When you specify a list of smoothing parameters for a model and ODS Graphics is enabled, PROC LOESS produces a panel containing up to six plots that show the fit obtained for each value of the smoothing parameter that you specify. If you specify more than six smoothing values, then multiple panels are produced. For each regressor, PROC LOESS also produces panels of the residuals versus each regressor by the smoothing parameters that you specify.
If you examine the plots in Figure 59.9, you see that a visually reasonable fit is obtained with smoothing parameter values of 0.25. With smoothing parameter value 0.1, there is gross overfitting in the sense that the original data are exactly interpolated. When the smoothing parameter value is 0.4, you obtain an overly smooth fit where the contribution of the sunspot cycle has been mostly averaged away. At smoothing parameter value 0.6 the fit shows just the increasing trend in the data.

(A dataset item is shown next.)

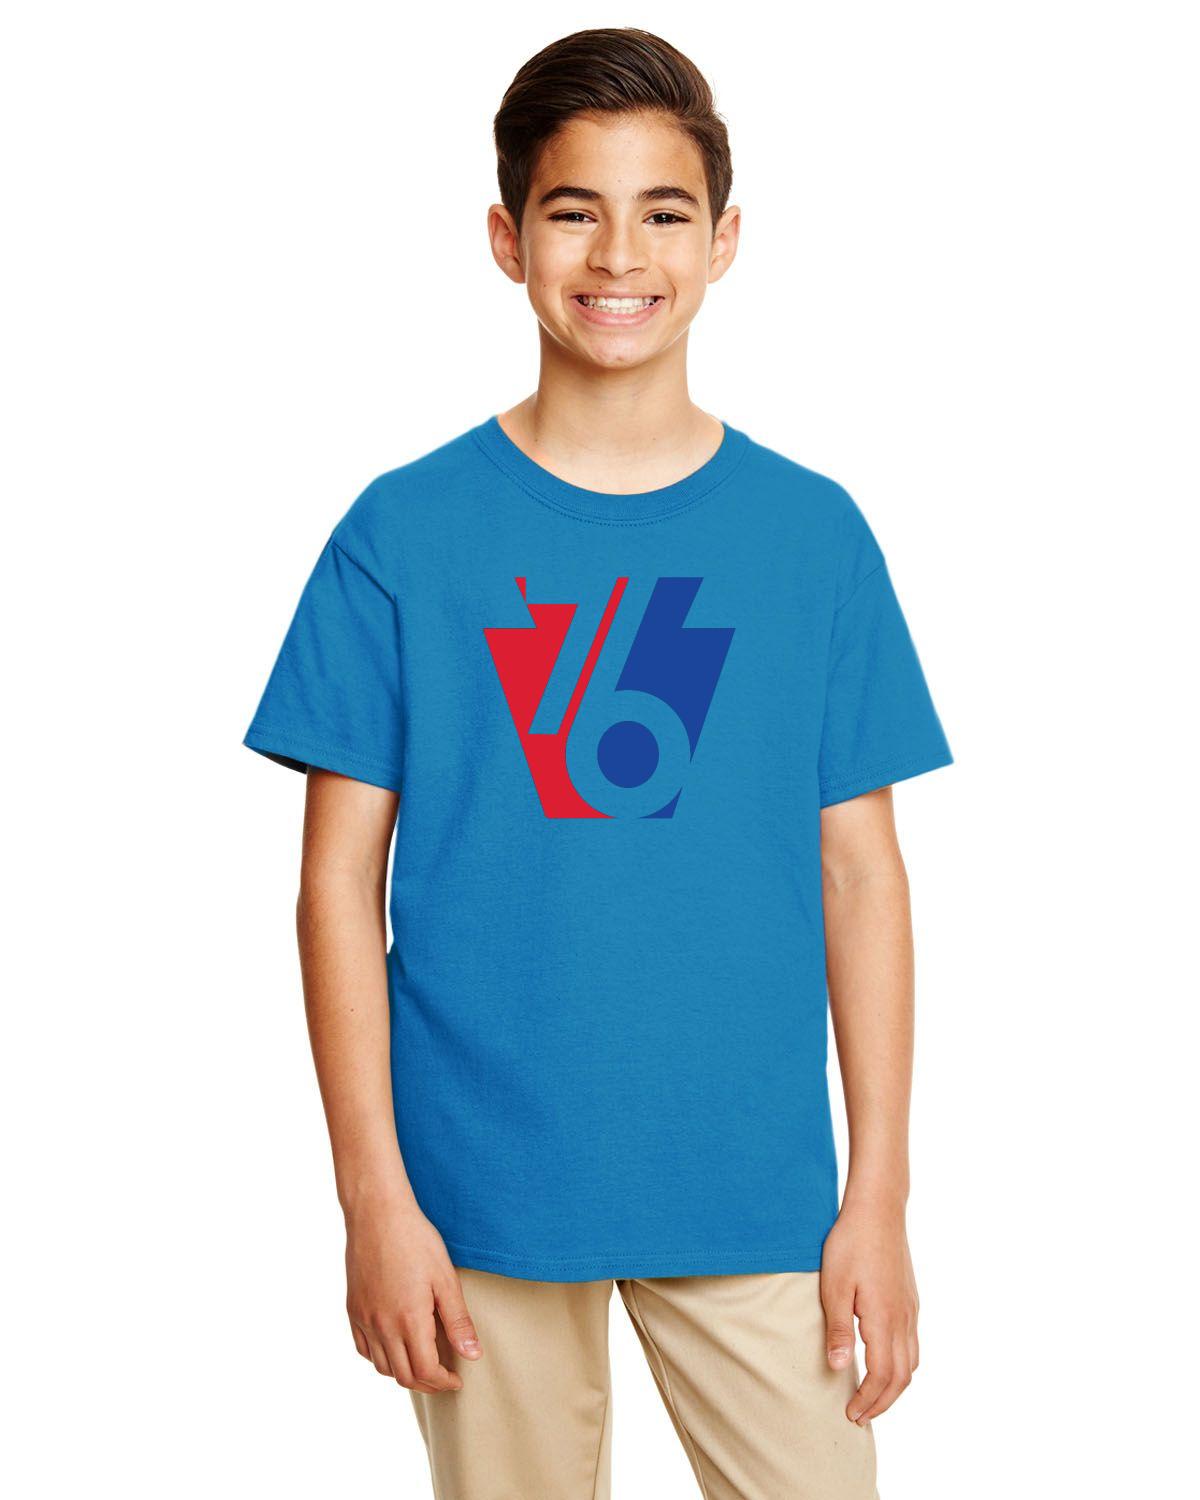 Keystone 76 Youth Tee (Gildan Youth Softstyle 7.5 oz./lin. yd. T-Shirt | G645B)

It is also instructive to look at scatter plots of the residuals for each of the fits. These are also produced by default by PROC LOESS when ODS Graphics is enabled.
Figure 59.10 shows a scatter plot of the residuals by year for each smoothing parameter value. One way to discern patterns in these residuals
is to superimpose a loess fit on each plot in the panel. You request loess fits on the residual plots in this panel by specifying
the SMOOTH= suboption of the PLOTS=RESIDUALSBYSMOOTH option in the PROC LOESS
statement. Note that the loess fits that are displayed on each of the residual plots are obtained independently of the loess
fit that produces these residuals. The following statements show how you do this for the Melanoma
data.
proc loess data=Melanoma plots=ResidualsBySmooth(smooth); model Incidences=Year/smooth=0.1 0.25 0.4 0.6; run;
The loess fits shown on the plots in Figure 59.11 help confirm the conclusions obtained when you look at Figure 59.9. Note that residuals for smoothing parameter value 0.25 do not exhibit any pattern, confirming that at this value the loess fit of the melanoma data has successfully modeled the variation in this data. By contrast, the residuals for the fit with smoothing parameter 0.6 retain the variation caused by the sunspot cycle.
The examination of the fits and residuals obtained with a range of smoothing parameter values confirms that the value of 0.257 that PROC LOESS selects automatically is appropriate for these data. The next step in this analysis is to examine fit diagnostics and produce confidence limit for the fit. If ODS Graphics is enabled, then a panel of fit diagnostics is produced. Furthermore, you can request prediction confidence limits by adding the CLM option in the MODEL statement. By default 95% limits are produced, but you can use the ALPHA= option in the MODEL statement to change the significance level. The following statements request 90% confidence limits.
proc loess data=Melanoma; model Incidences=Year/clm alpha=0.1; run; ods graphics off;
Figure 59.12 shows the fit diagnostics panel. The histogram of the residuals with overlaid normal density estimator and the normal quantile plot show that the residuals do exhibit some small departure from normality. The "Residual-Fit" spread plot shows that the spread in the centered fit is much wider that the spread in the residuals. This indicates that the fit has accounted for most of the variation in the incidences of melanoma in this data. This conclusion is supported by the absence of any clear pattern in the scatter plot of residuals by predicted values and the closeness of the points to the 45-degree reference line in the plot of observed by predicted values.
Finally, Figure 59.13 shows the selected loess fit with 90% confidence limits.